Problem to solve >> When the line containing "White, green ones, Grapes, Tulips" appears in the data below, begin copying there and stop only after the line containing "Image for Admissions".

Data for the task >>
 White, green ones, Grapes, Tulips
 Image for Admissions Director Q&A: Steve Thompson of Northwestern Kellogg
==
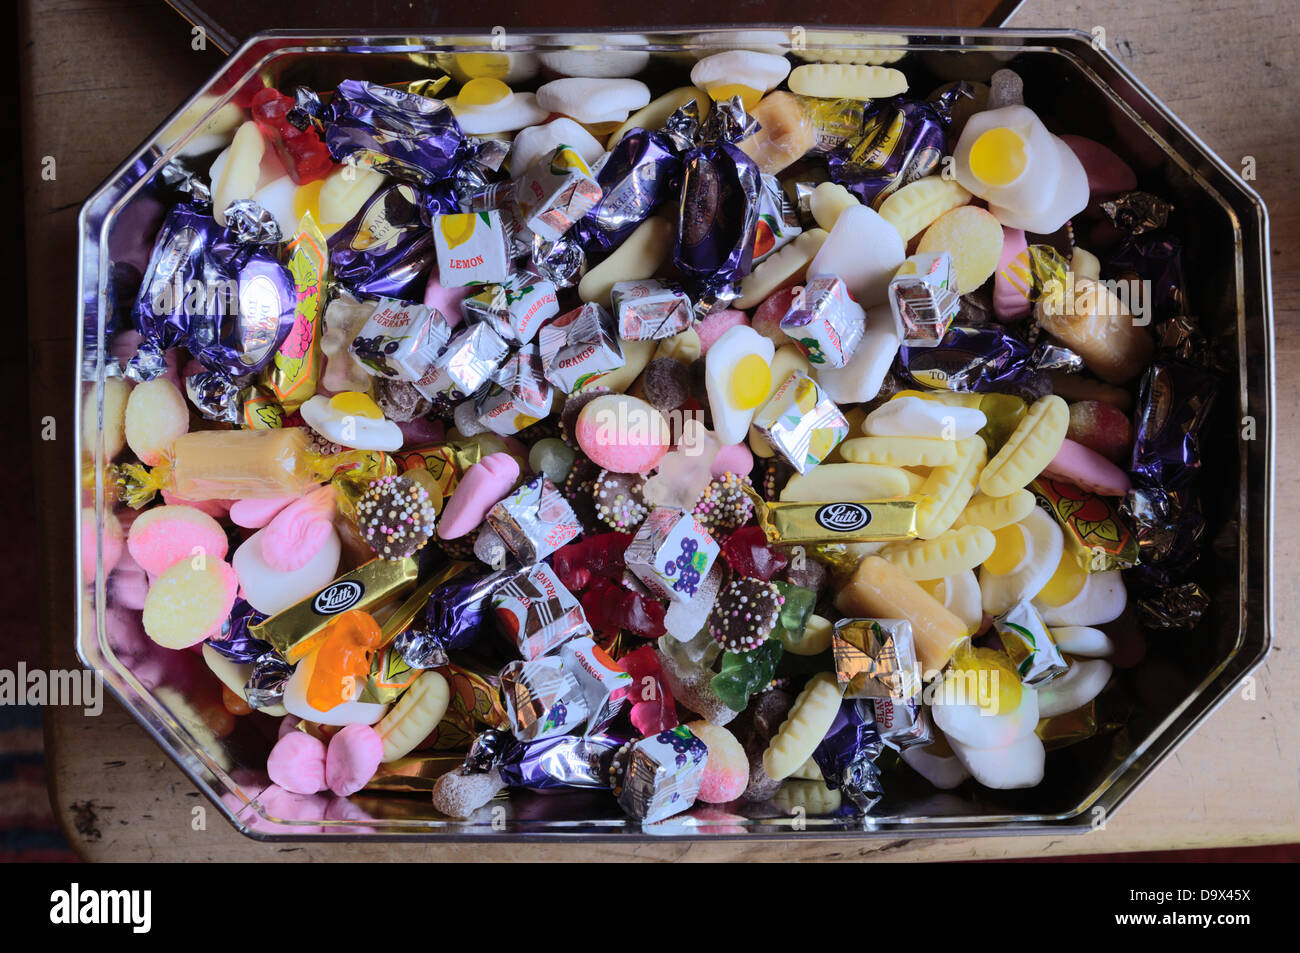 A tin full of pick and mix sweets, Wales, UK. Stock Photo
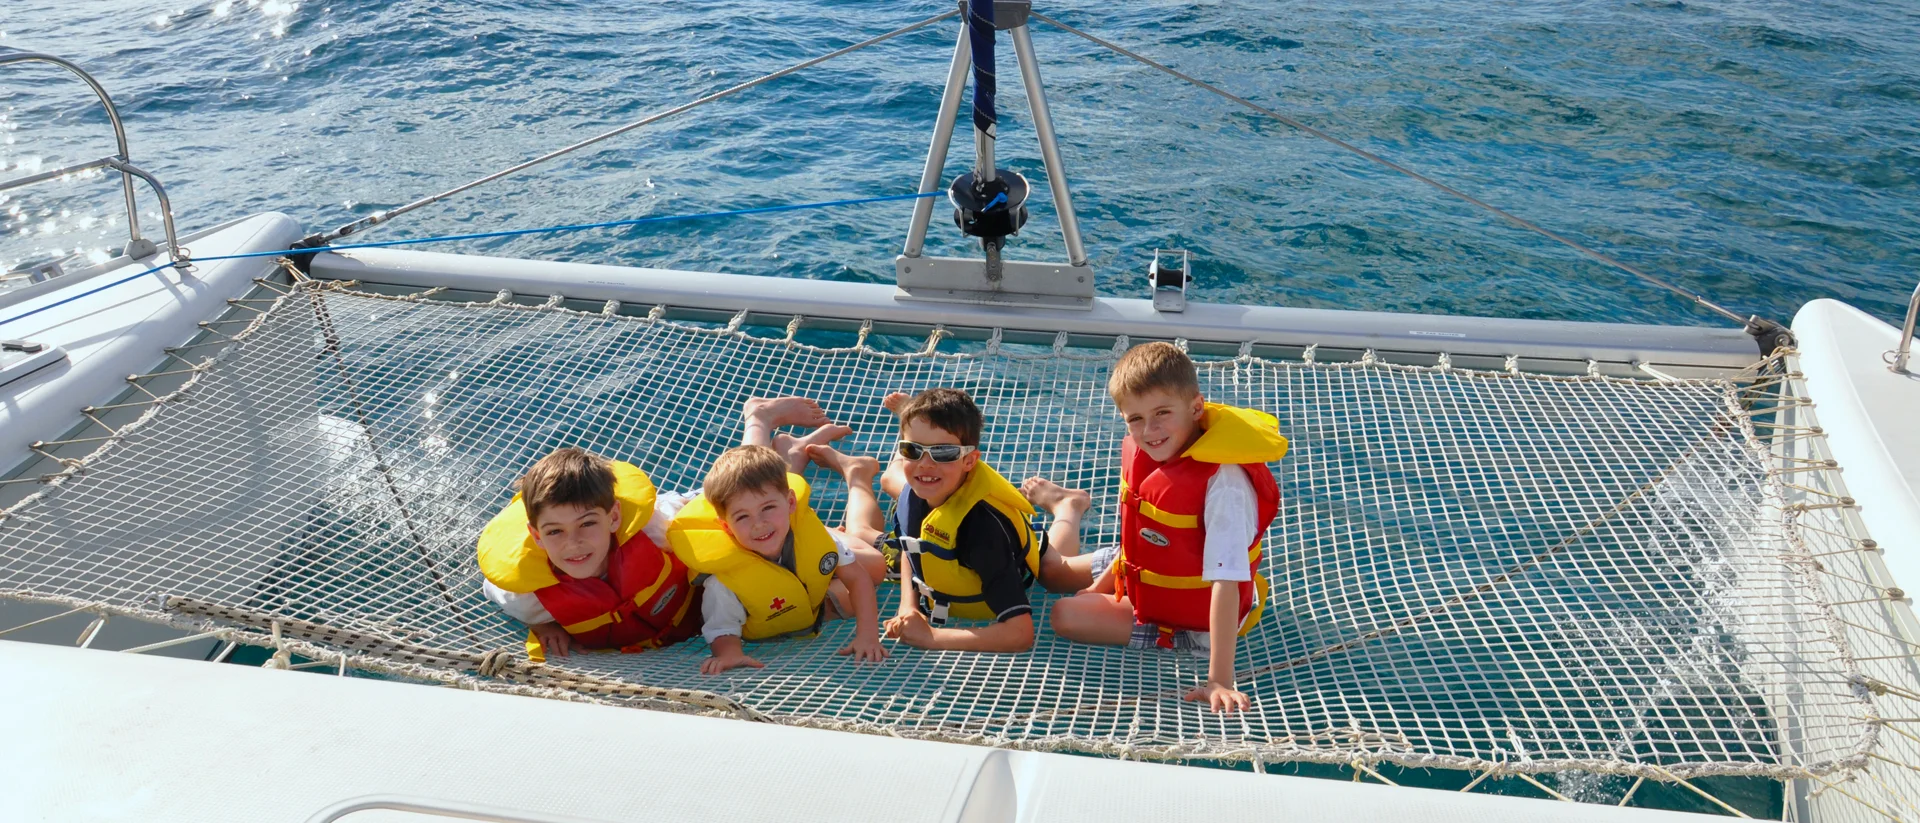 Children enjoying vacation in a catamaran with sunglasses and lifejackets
* * *
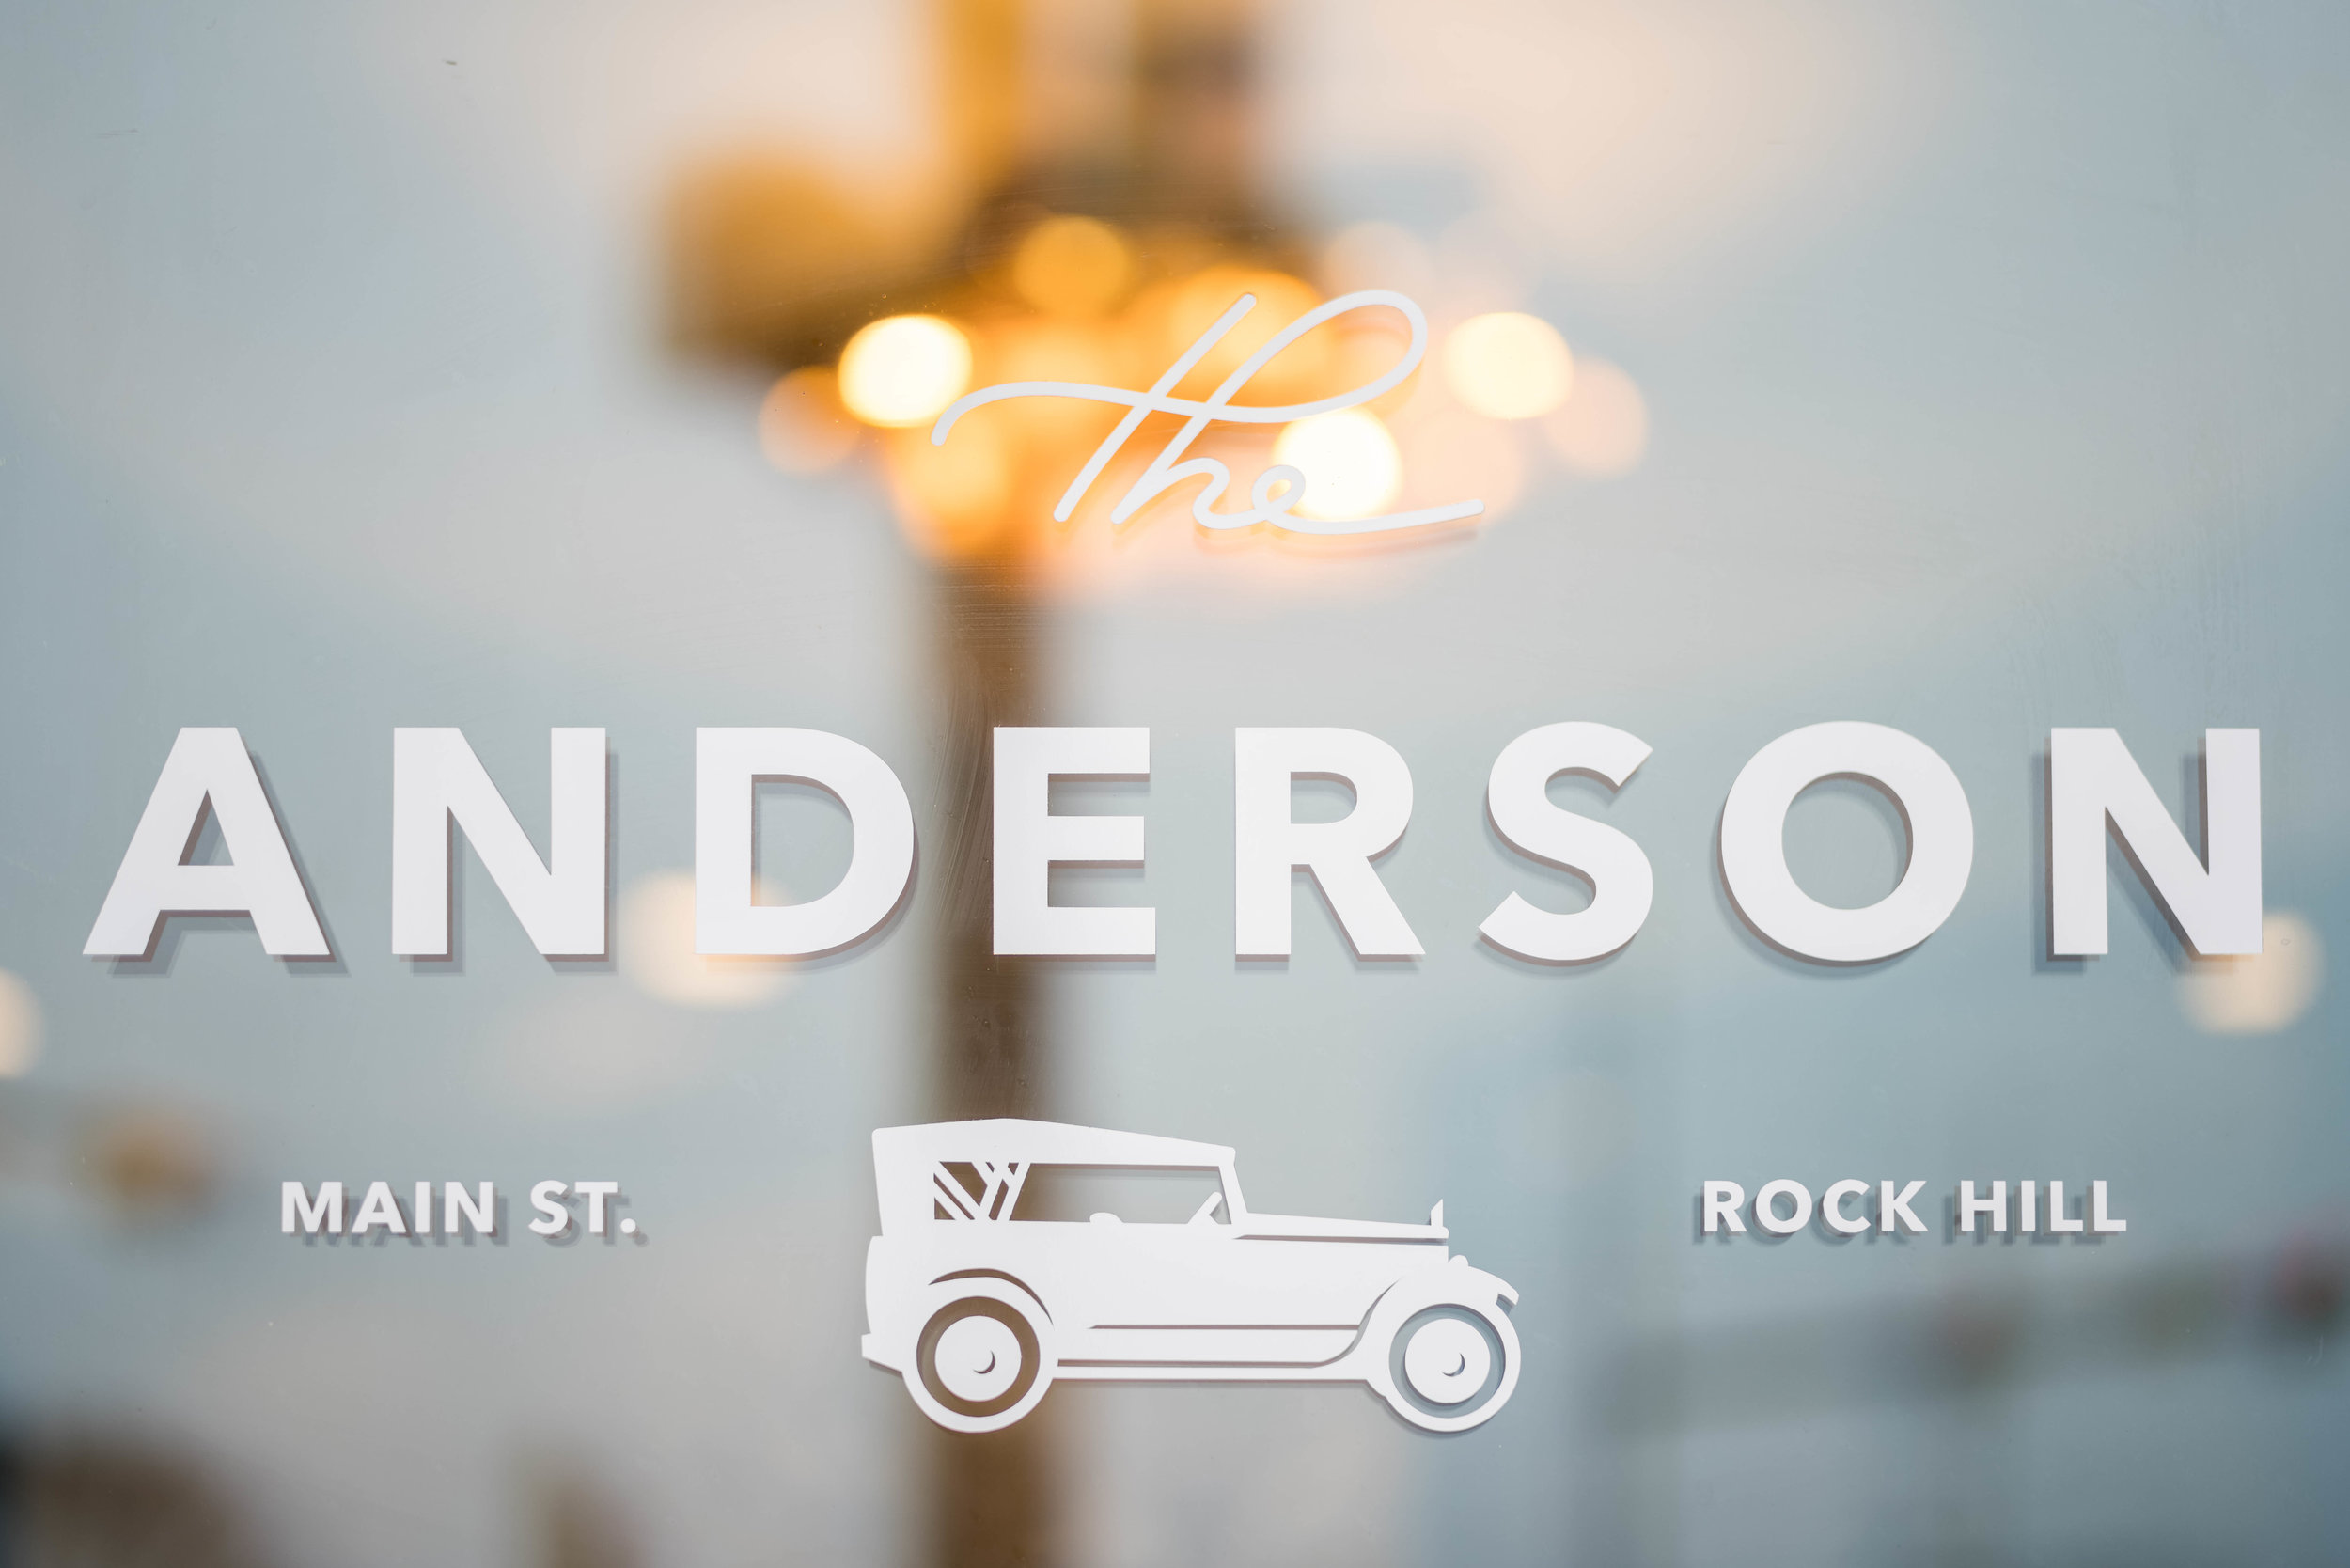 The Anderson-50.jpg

Exercise answer >>
 White, green ones, Grapes, Tulips
 Image for Admissions Director Q&A: Steve Thompson of Northwestern Kellogg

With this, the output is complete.